DIRECTIONS: Among the records below, find the line with "NERI Angulo Exterior" and the line with "RUF x Highsnobiety". Set down both and every line between, exactly and with no pictures, but nothing else.

EXERCISE MATERIALS:
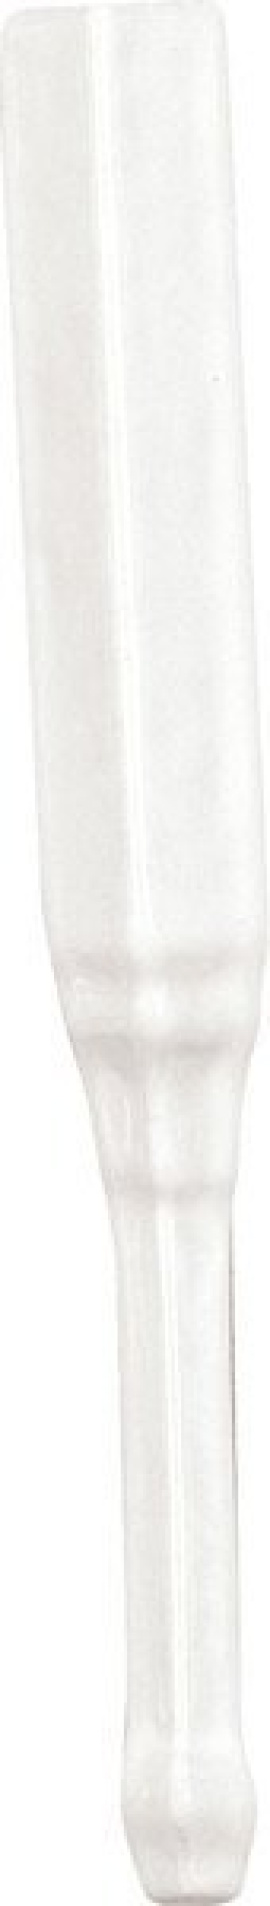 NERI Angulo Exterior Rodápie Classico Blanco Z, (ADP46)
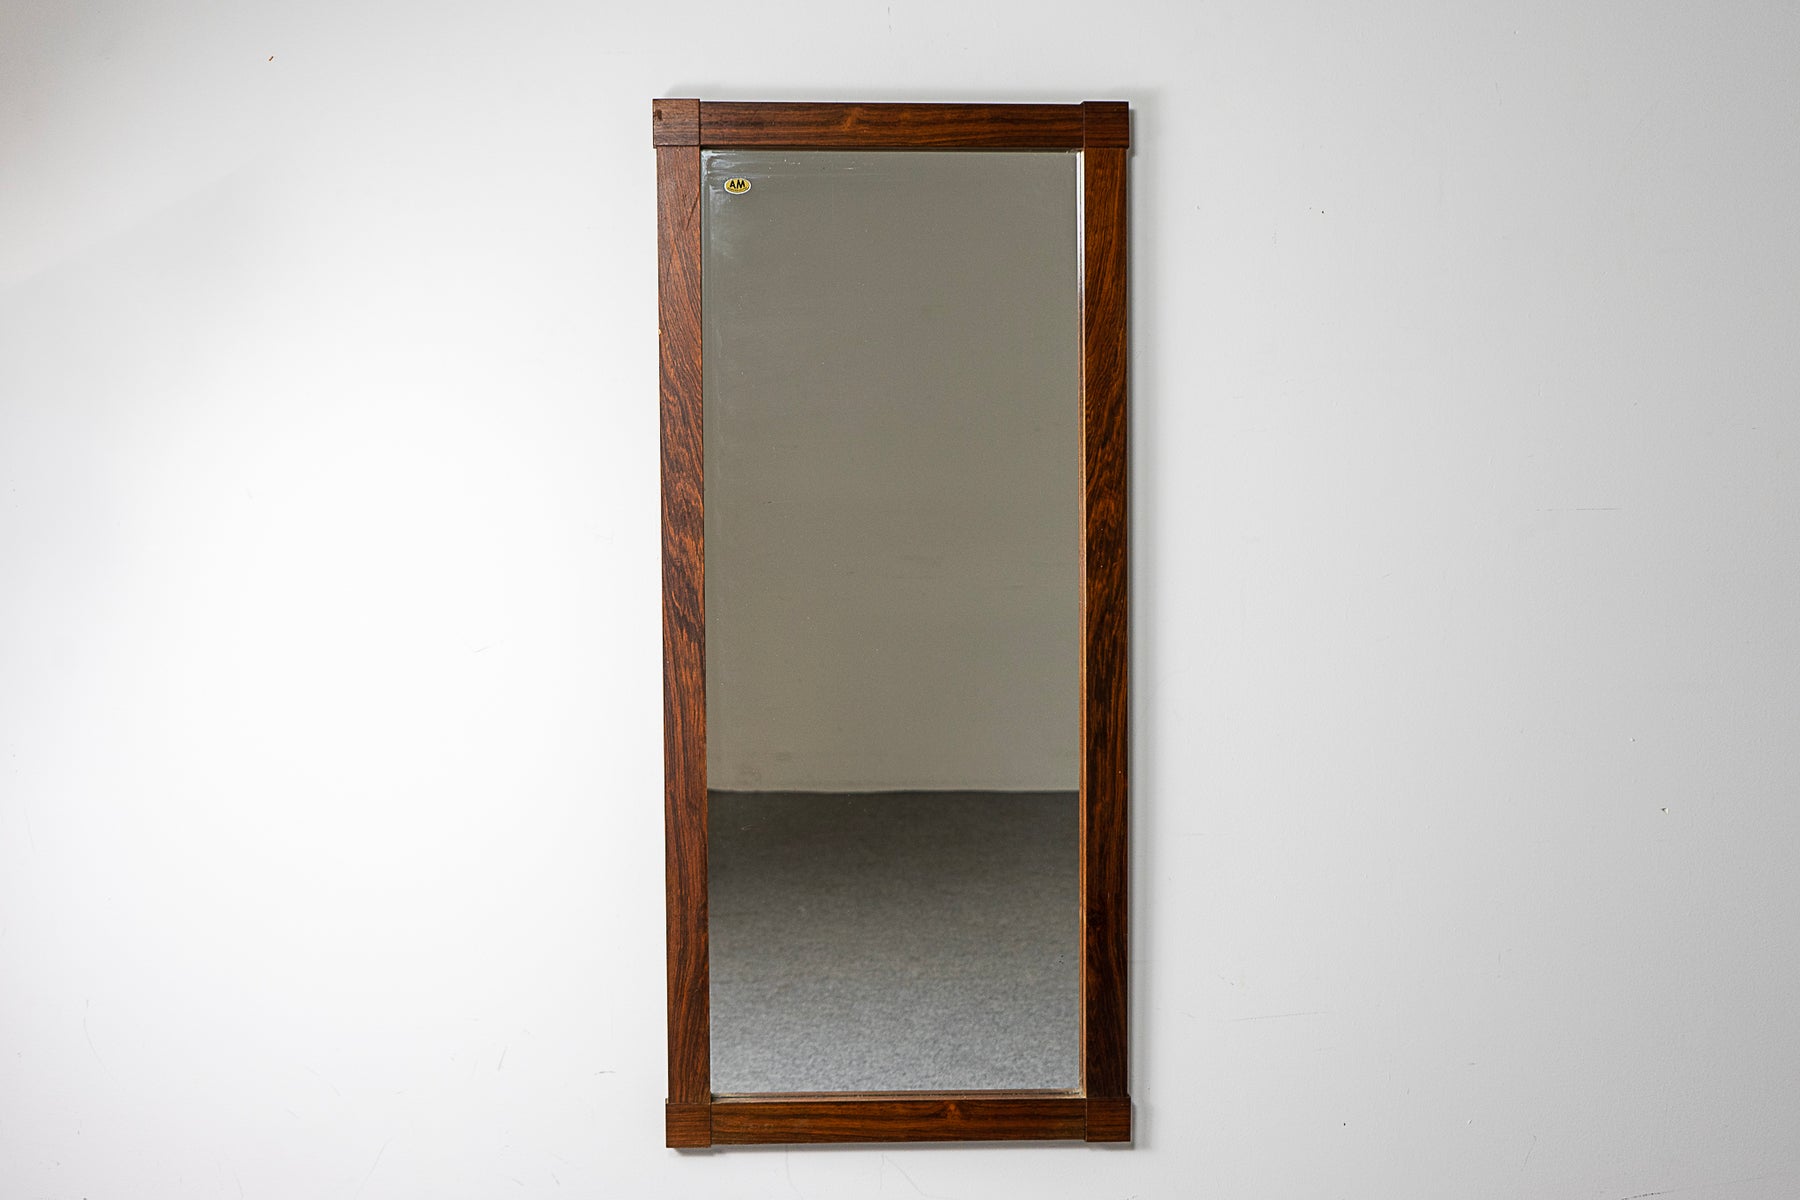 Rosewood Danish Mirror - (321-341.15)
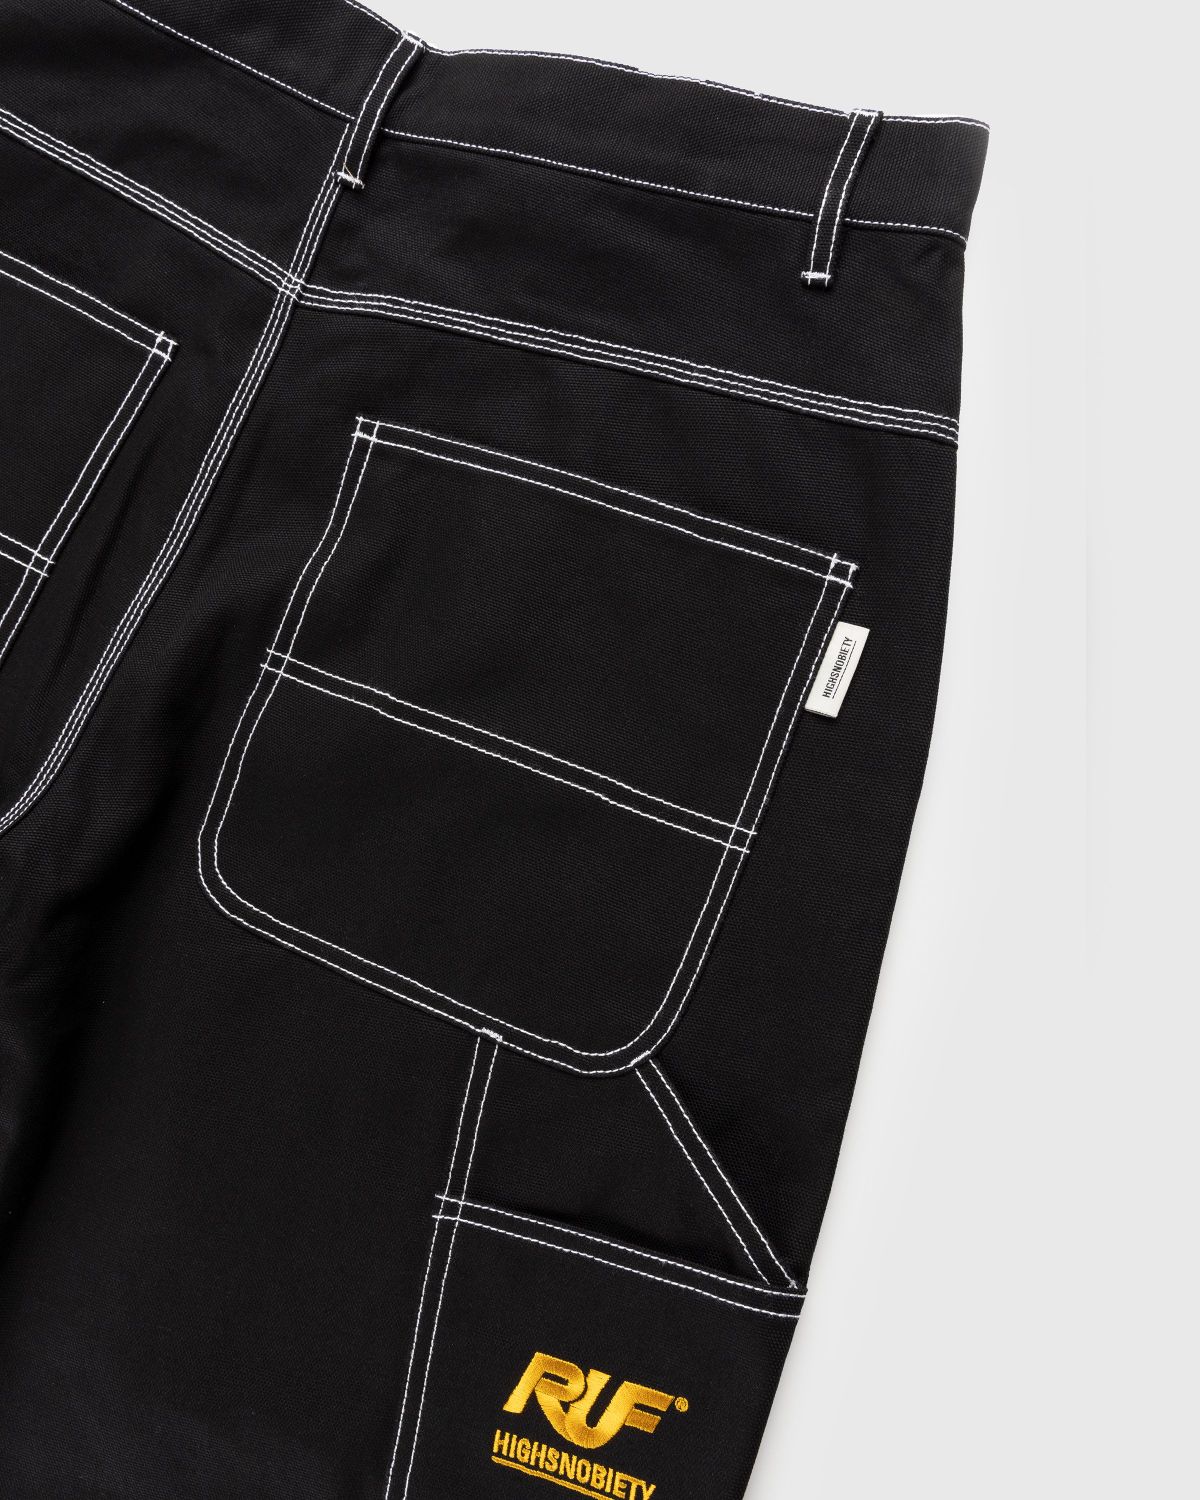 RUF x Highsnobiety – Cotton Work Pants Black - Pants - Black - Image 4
* * *
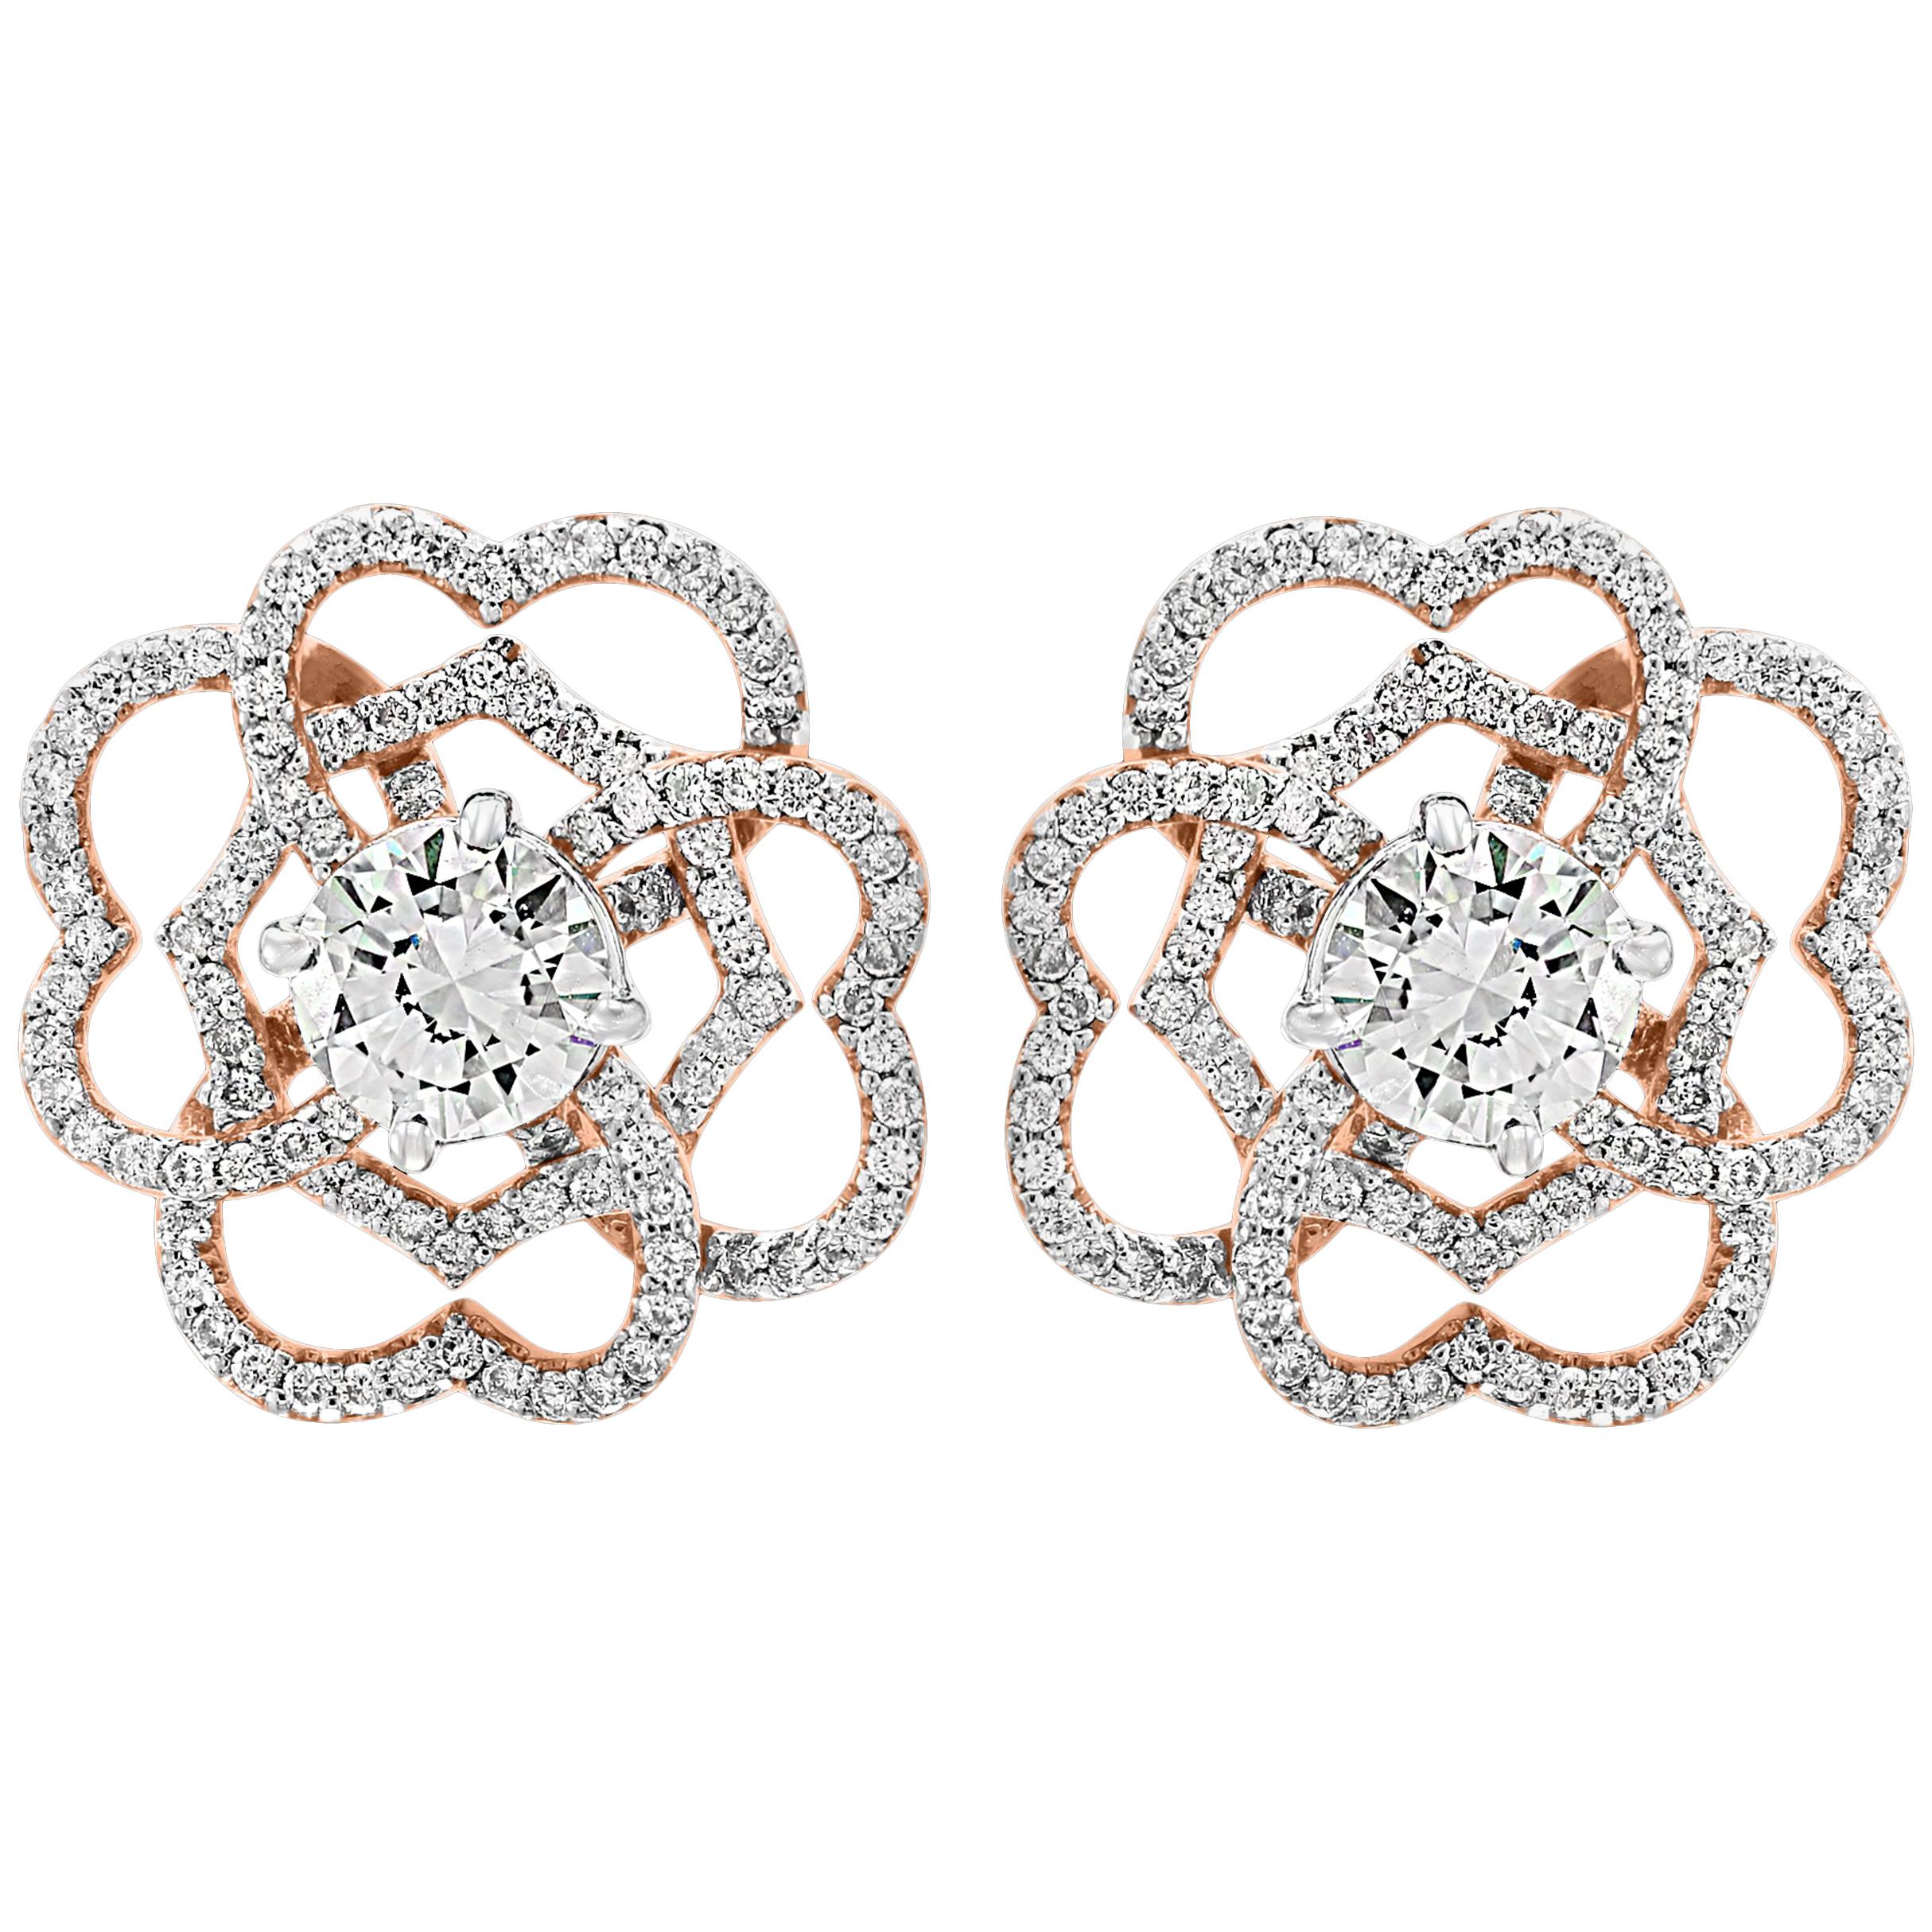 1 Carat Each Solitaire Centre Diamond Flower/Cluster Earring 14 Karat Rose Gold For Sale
...
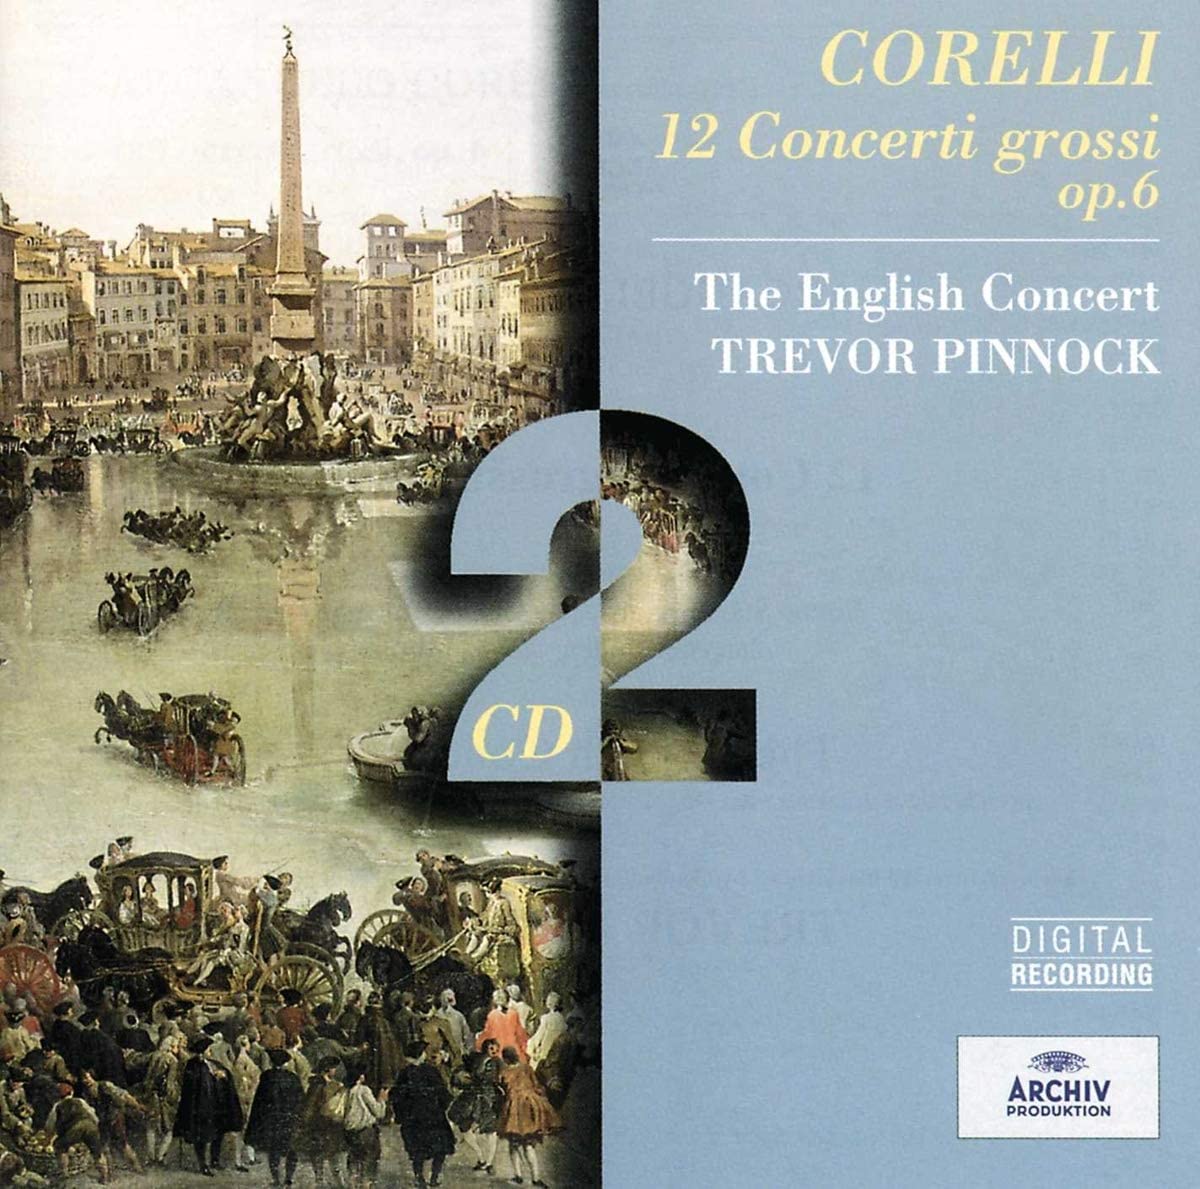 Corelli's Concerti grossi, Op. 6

OUTPUT OF THE TASK:
 NERI Angulo Exterior Rodápie Classico Blanco Z, (ADP46)
 Rosewood Danish Mirror - (321-341.15)
 RUF x Highsnobiety – Cotton Work Pants Black - Pants - Black - Image 4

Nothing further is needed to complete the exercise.